For this to work, we need to make sure the system used for building has ramdisk support. If ramdisk is not available it is also possible to use a loopback device. See the Bootdisk-HOWTO for more information on using loopback devices.
This section is written using ramdisk seven (/dev/ram7) to build the root image. There is nothing particularly special about ramdisk seven and it is possible to use any of the other available ramdisks provided they are not already in use.
bash# dd if=/dev/zero of=/dev/ram7 bs=1k count=4096 bash# mke2fs -m0 /dev/ram7 4096 bash# mount /dev/ram7 /mnt
bash# cd /usr/src/bash-3.0 bash# make distclean bash# export CC="gcc -mcpu=i386" bash# ./configure --enable-minimal-config --host=i386-pc-linux-gnu bash# make bash# strip bash
bash# ldd bash
View the output from the ldd command. It should look similar to the example below.
bash# ldd bash libdl.so.2 => /lib/libdl.so.2 (0x4001d000) libc.so.6 => /lib/libc.so.6 (0x40020000) /lib/ld-linux.so.2 => /lib/ld-linux.so.2 (0x40000000)
Some systems may have a slightly different library set up. For example, you may see libc.so.6 => /lib/tls/libc.so.6 rather than libc.so.6 => /lib/libc.so.6 as shown in the example.
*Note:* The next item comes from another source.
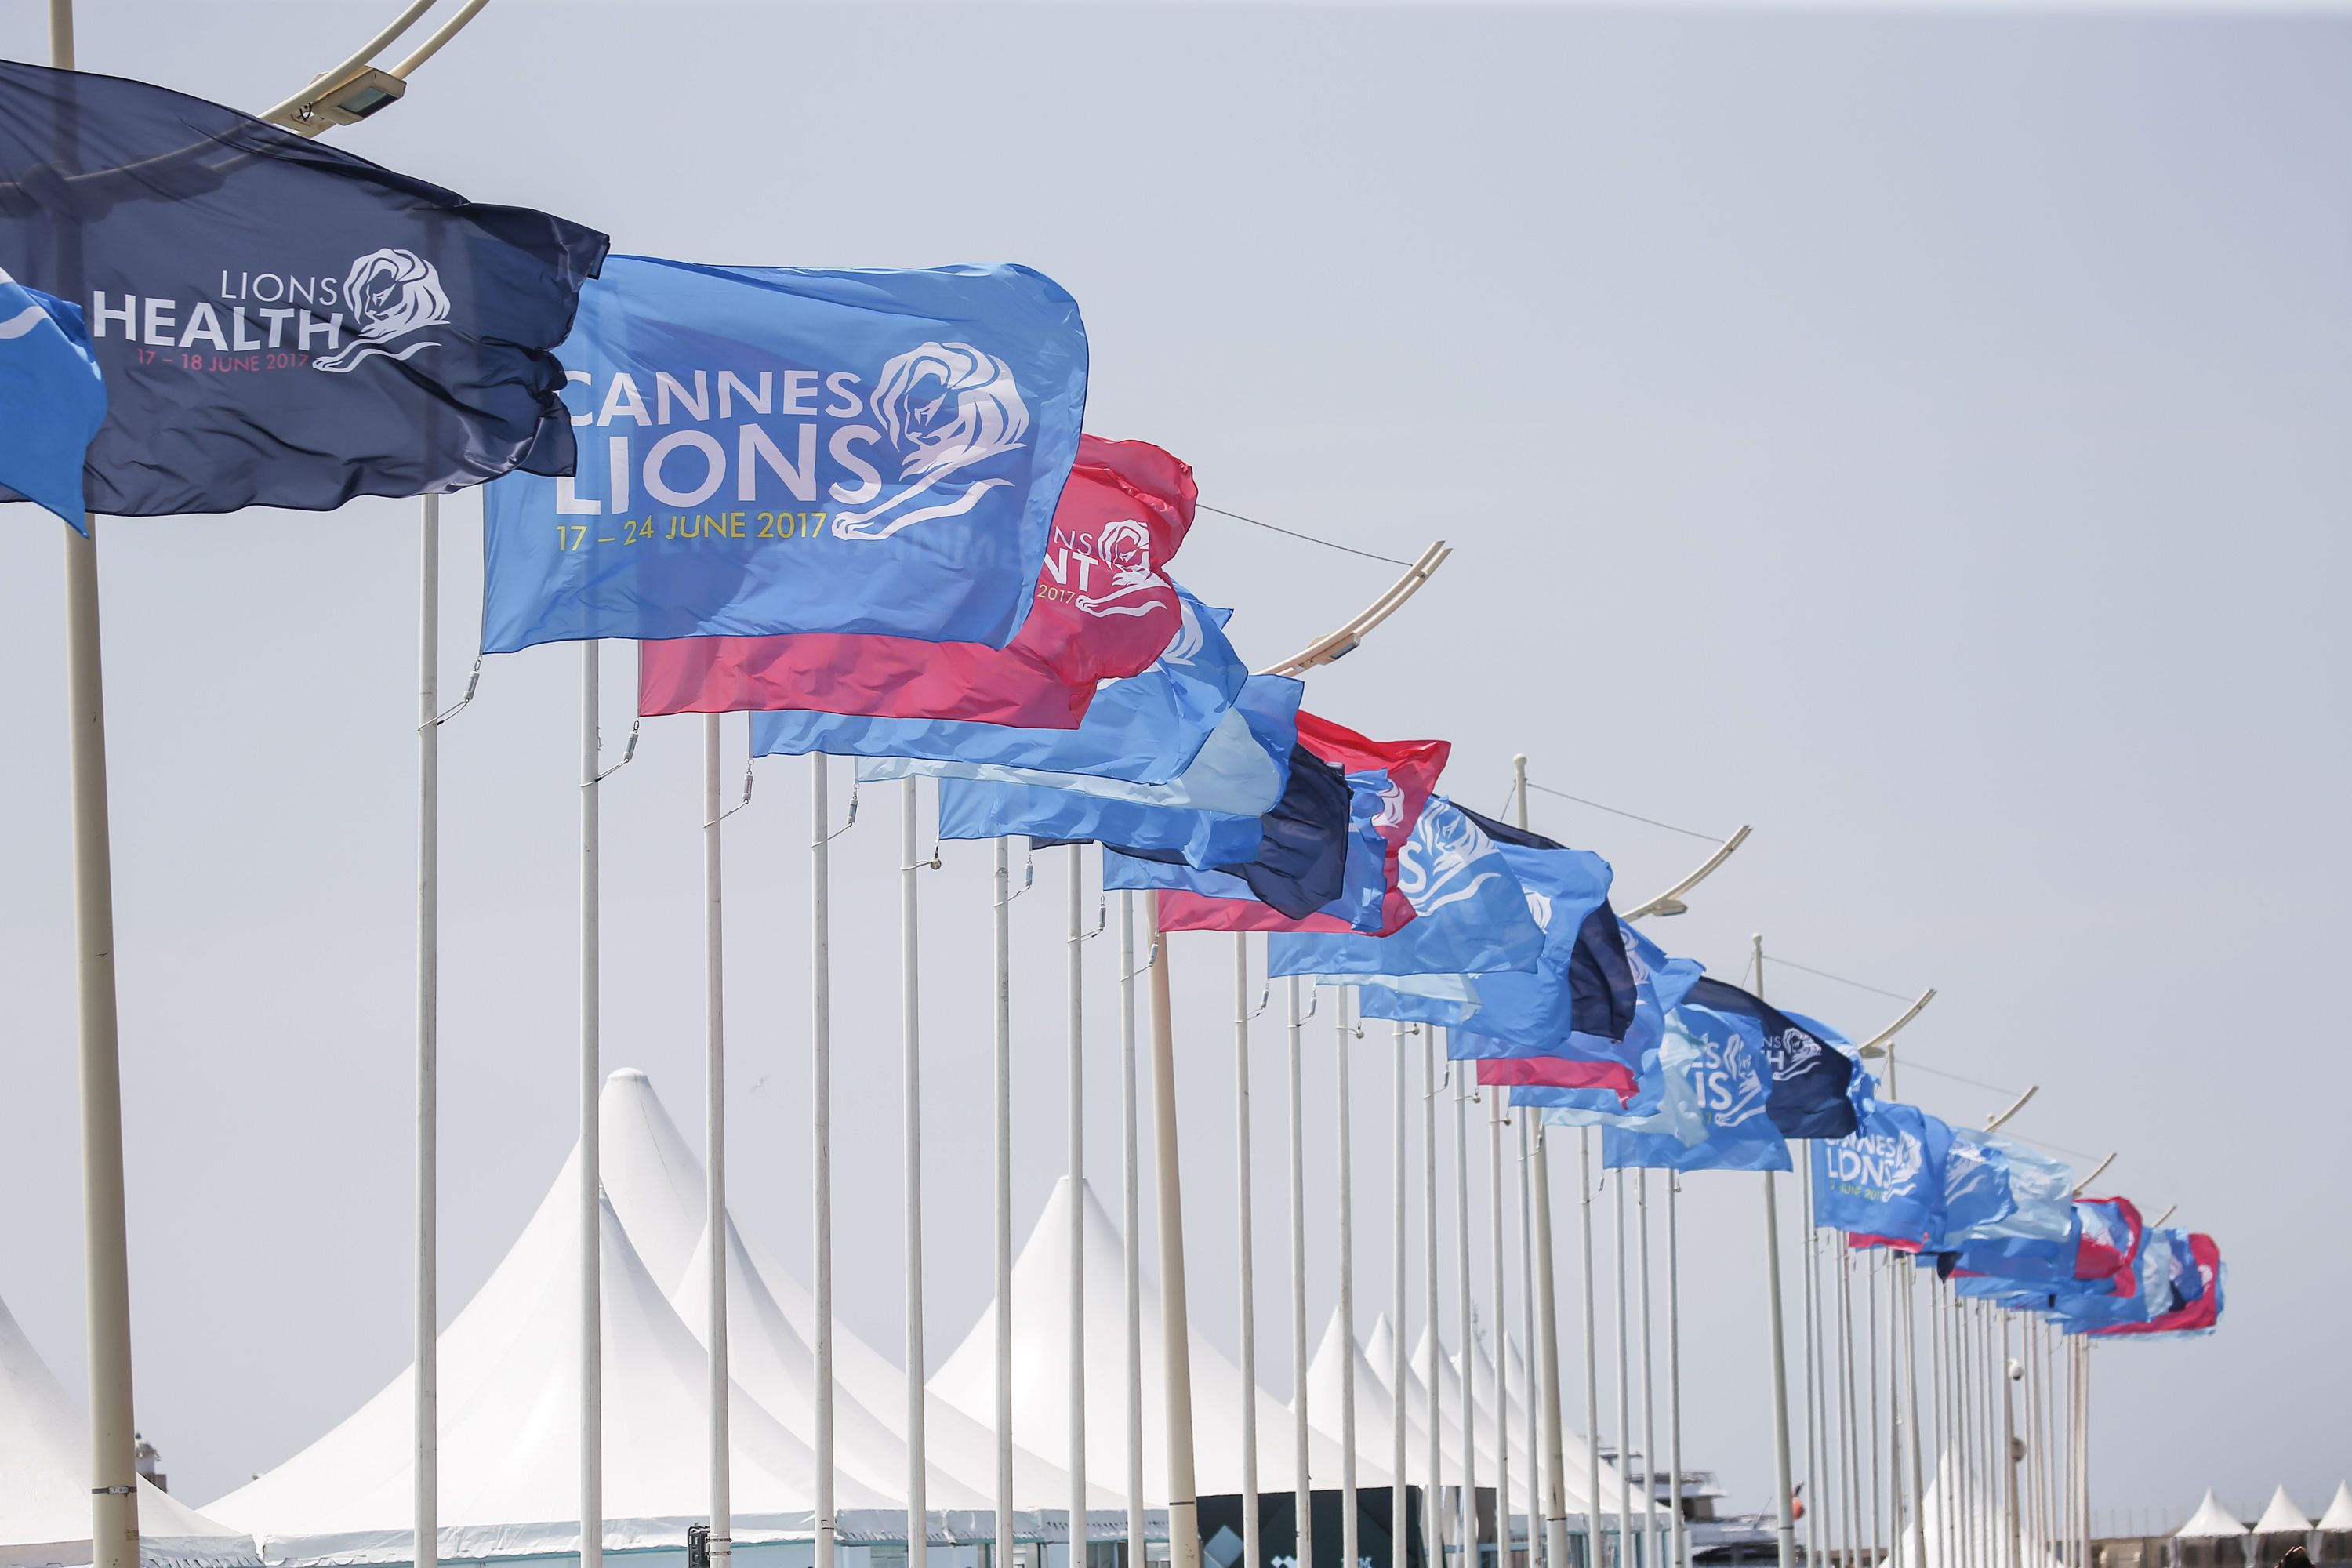 Cannes Lions 2017 -  враження від Каннських левів

If your ldd output does not match the example then use the path given by your ldd command when completing the next step.
bash# mkdir /mnt/bin bash# cp bash /mnt/bin bash# ln -s bash /mnt/bin/sh bash# mkdir /mnt/lib bash# strip --strip-unneeded -o /mnt/lib/libdl.so.2 /lib/libdl.so.2 bash# strip --strip-unneeded -o /mnt/lib/libc.so.6 /lib/libc.so.6 bash# strip --strip-unneeded -o /mnt/lib/ld-linux.so.2 /lib/ld-linux.so.2 bash# chmod +x /mnt/lib/ld-linux.so.2
Using strip -o might seem an odd way to copy library files from the development system to the ramdisk. What it does is strip the symbols while the file is in transit from the source location to the destination. This has the effect of stripping symbols from the library on the ramdisk without altering the libraries on the development system. Unfortunately file permissions are lost when copying libraries this way which is why the chmod +x command is then used to set the execute flag for the rootdisk's dynamic loader.
bash# cd / bash# umount /dev/ram7 bash# dd if=/dev/ram7 of=~/phase2-image bs=1k count=4096 bash# gzip -9 ~/phase2-image
Successful implementation of this phase is probably the most difficult part of the Pocket Linux Guide. If you need help getting things to work please visit the Pocket Linux Guide Resource Site to browse the troubleshooting forum and subscribe to the mailing list.
Follow these steps to boot:
Restart the PC using the boot disk from the previous chapter.
At the grub> prompt, type kernel (fd0)/boot/vmlinuz init=/bin/sh root=/dev/fd0 load_ramdisk=1 prompt_ramdisk=1 and press Enter.
Type boot at the grub> prompt and press Enter.
Insert the new, compressed root disk when prompted.
The screen output should be similar to the following example:
GNU GRUB version 0.95 grub> kernel (fd0)/boot/vmlinuz init=/bin/sh root=/dev/fd0 load_ramdisk=1 prompt_ramdisk=1 [Linux-bzImage, setup=0xc00, size=0xce29b] grub> boot Linux version 2.4.26 .. .. [various kernel messages] .. VFS: Insert root floppy disk to be loaded into RAM disk and press ENTER RAMDISK: Compressed image found at block 0 VFS: Mounted root (ext2 filesystem) readonly. Freeing unused kernel memory: 178k freed # _
If the implementation was successful, this new root disk should behave exactly like the root disk from the previous chapter. The key difference is that this compressed root disk has much more room to grow and we will put this extra space to good use in the next phase of the project.